▶ **The records**:
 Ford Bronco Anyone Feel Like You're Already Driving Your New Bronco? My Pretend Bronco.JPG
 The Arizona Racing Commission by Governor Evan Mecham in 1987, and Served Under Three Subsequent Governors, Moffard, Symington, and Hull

* * *

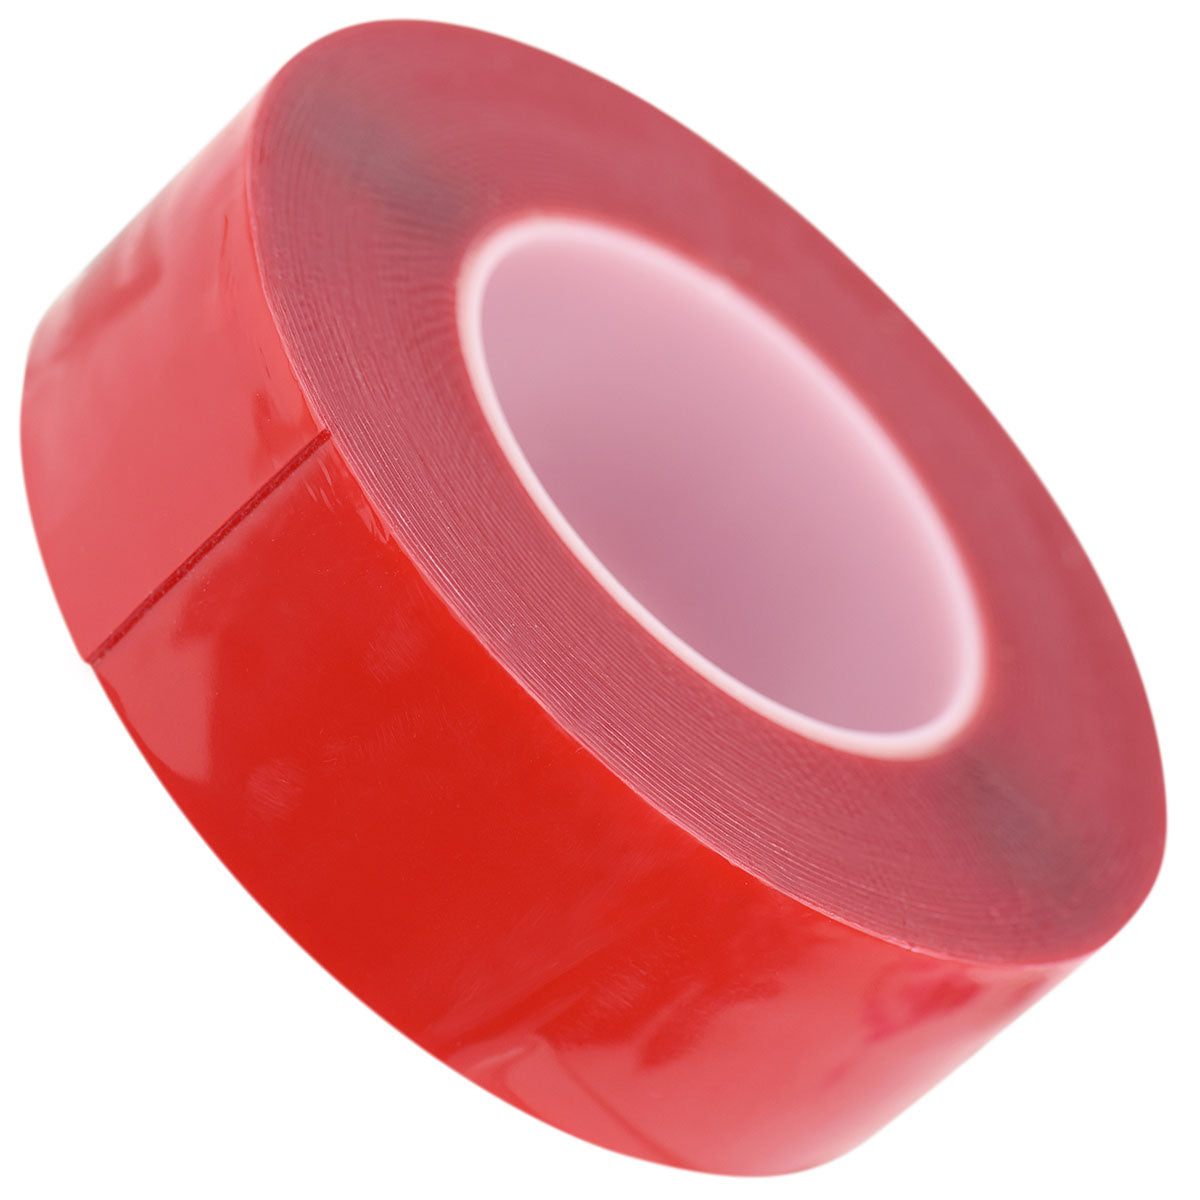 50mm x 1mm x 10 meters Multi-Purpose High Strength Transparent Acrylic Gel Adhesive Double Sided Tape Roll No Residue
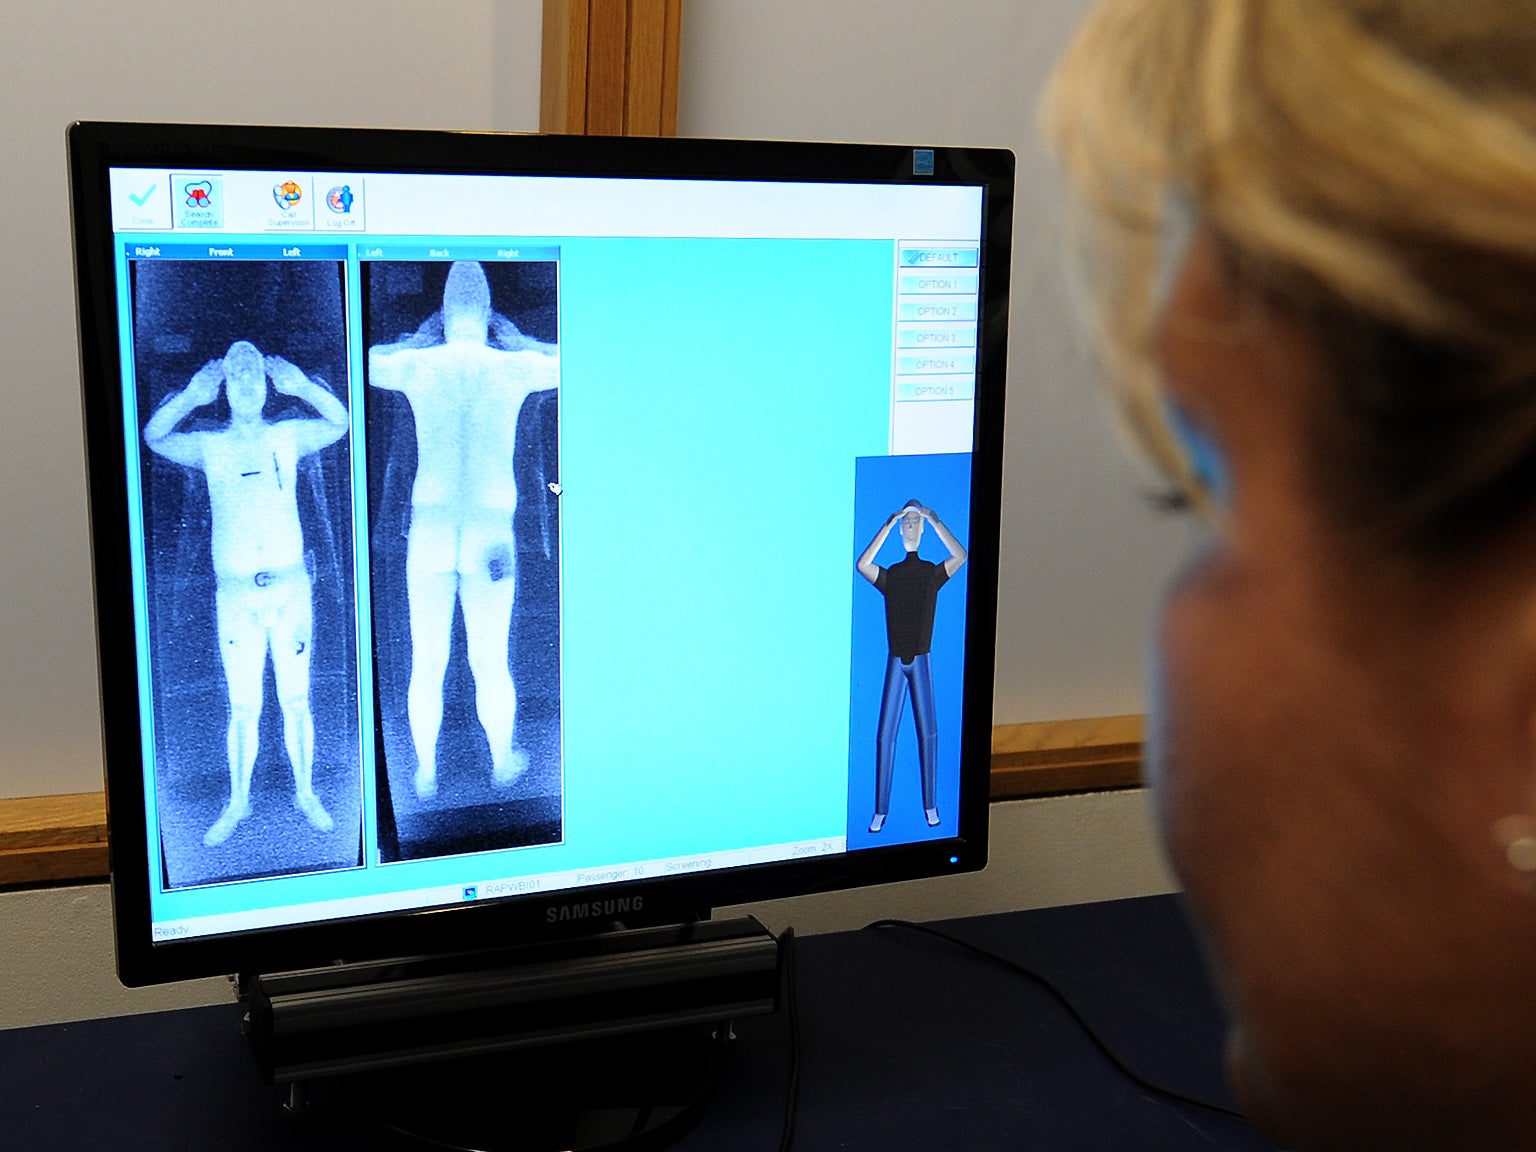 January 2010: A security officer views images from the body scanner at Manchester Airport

==

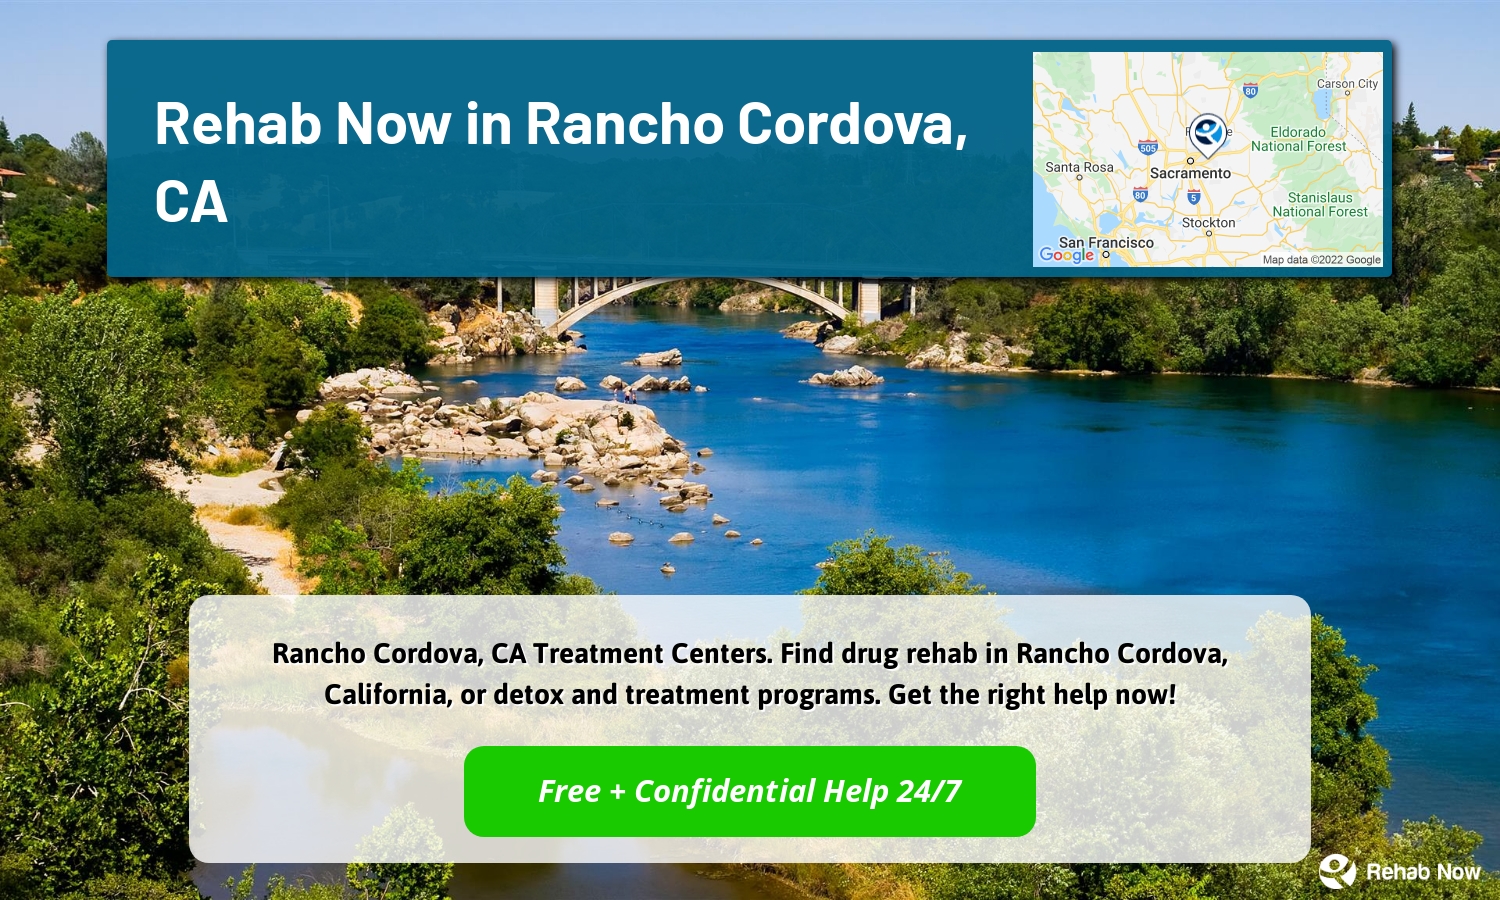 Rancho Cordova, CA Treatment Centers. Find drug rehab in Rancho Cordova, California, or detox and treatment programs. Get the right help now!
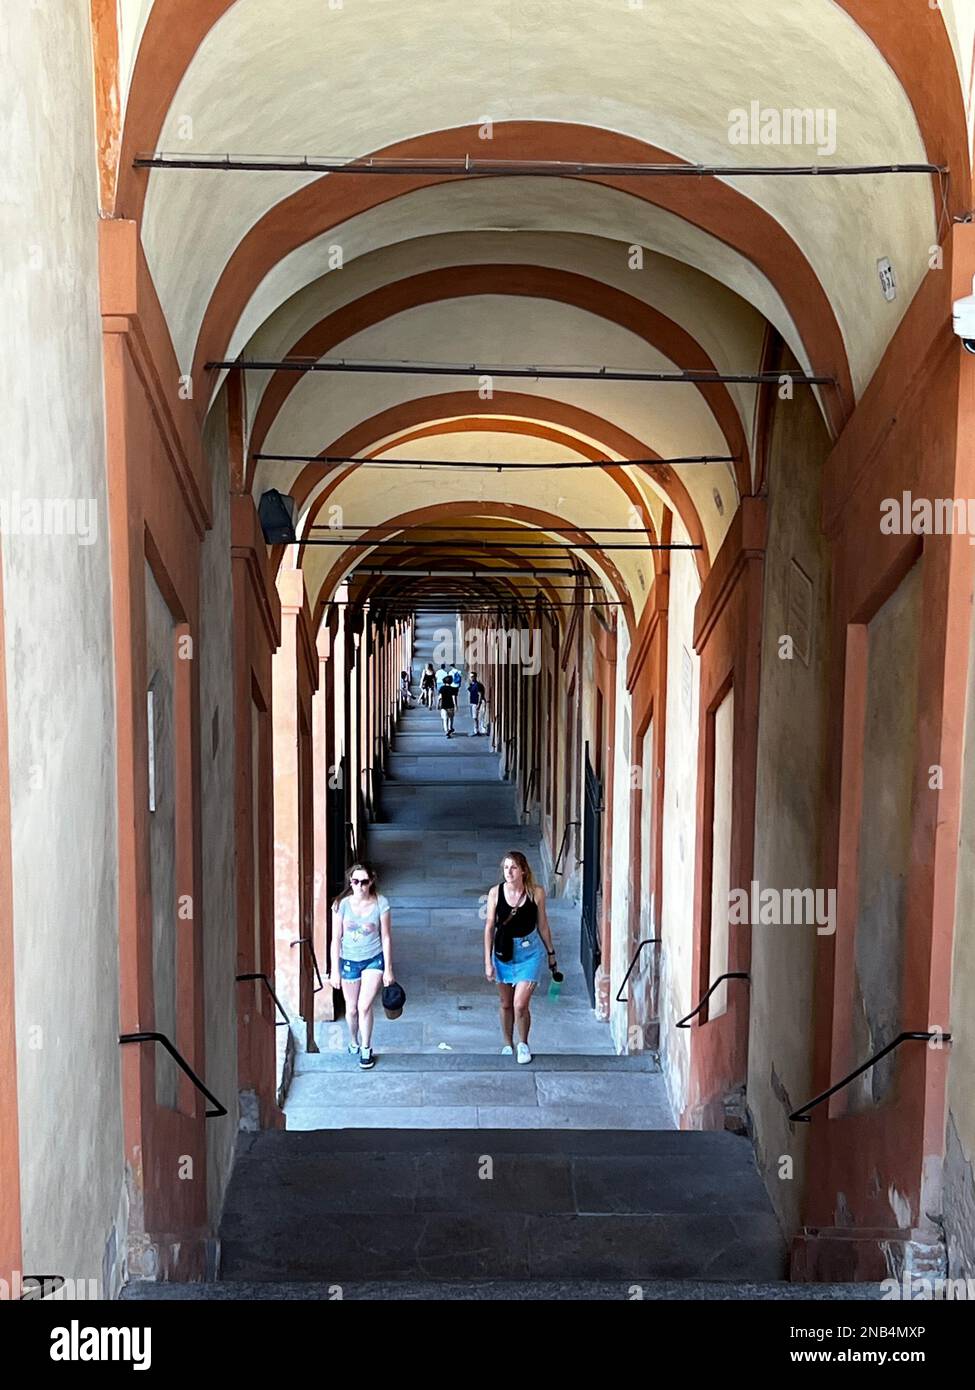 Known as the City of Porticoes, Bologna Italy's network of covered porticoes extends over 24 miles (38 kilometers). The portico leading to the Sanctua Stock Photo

▶ **Task prompt**:
Excluding any pictures, print exactly the lines of the listing above from the line with "50mm x 1mm x" to the line with "January 2010: A", both ends included.

▶ **Task answer**:
 50mm x 1mm x 10 meters Multi-Purpose High Strength Transparent Acrylic Gel Adhesive Double Sided Tape Roll No Residue
 January 2010: A security officer views images from the body scanner at Manchester Airport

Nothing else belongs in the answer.